You know it’s coming and you start praying to your parenting gods - that when your child reaches 17/18 months, their meltdowns are tolerable and manageable.
Let’s see if some of these tips and explanations can assist you along with you parenting journey.
Extracted from popular Parenting Website: Whattoexpect.com, Source link: https://www.whattoexpect.com/toddler/behavior/screaming-and-screeching.aspx
Here's what's behind your child's noisy vocal demonstrations — and what you can do to turn the volume down on toddler screaming.

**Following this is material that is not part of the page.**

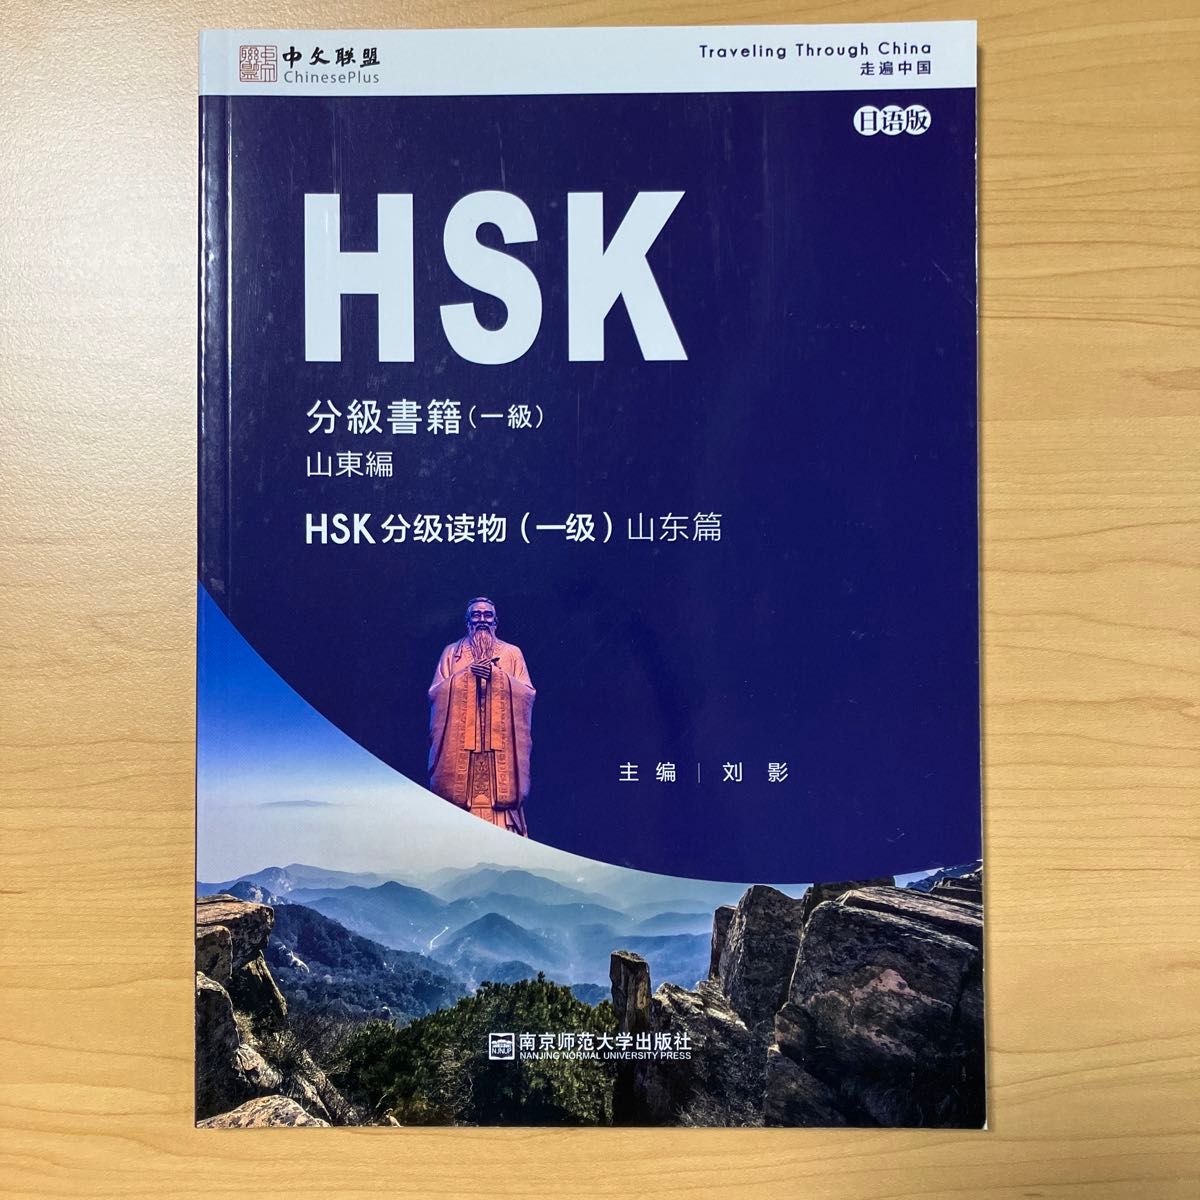 HSK 分級書籍 (一級) 山東編

Beginning at about 17 months, toddlers discover the joys of flexing their vocal muscles. (Earplugs, anyone?)
Why it happens:
It may look like mischief, but at this age, children are just having fun experimenting with yet another thing they've discovered they can do — in this case, create sound (admit it — sometimes yelling is just plain fun!). Compounding the toddler-screaming problem: The fact that tots have poor impulse control (not to mention volume control) and little idea of how to behave in public. Little ones also have very limited communication skills, so some times the only way to be heard is to yell (in a toddler’s brain, a scream says a thousand words).
What you need to know:
This too shall pass. As with many other annoying toddler behaviors, your little sound machine will grow out of this phase.
What to do about it:
Control the general volume in your house. That means no blaring TV, radio or other background noise, and — most importantly — no screaming at your toddler to stop screaming. Remember, monkey see (or hear, in this case), monkey do.
Turn on the tunes. When your toddler starts screeching up a storm, play some music and suggest he sing or join you in a sing-along. Not interested? Ask him about animal sounds he can make, or bring out some musical instruments. Sure, it may still be noisy, but at least it'll be easier on the ears than toddler screams.
Lower your voice. Challenge your screaming toddler by looking him in the eye and whispering. That may catch his attention and may make him curious enough to listen (and hopefully quiet down so he can hear).
Teach the concept of an "inside voice" and an "outside voice." Give a demonstration and examples of where and when they can be used ("You use your inside voice in the house and your outside voice in the backyard").
Make it a game. Another way to encourage quiet — when your toddler’s not screaming, invite him to a whispering match. Young children have a hard time whispering (it sounds sort of like a stage whisper) but that won't stop them from trying, especially if you make a game of it (“Can you whisper like Mommy?”).
Take him outside. If you're in a public place, say a restaurant, and your noisemaker refuses to use his inside voice, go outside with him — where his outside voice belongs. Try to do this without raising your own voice and making a fuss. (This trick also may tame a toddler tantrum.)
Provide positive reinforcement. When your toddler uses his inside voice at the appropriate time and place, be sure to shower him with praise.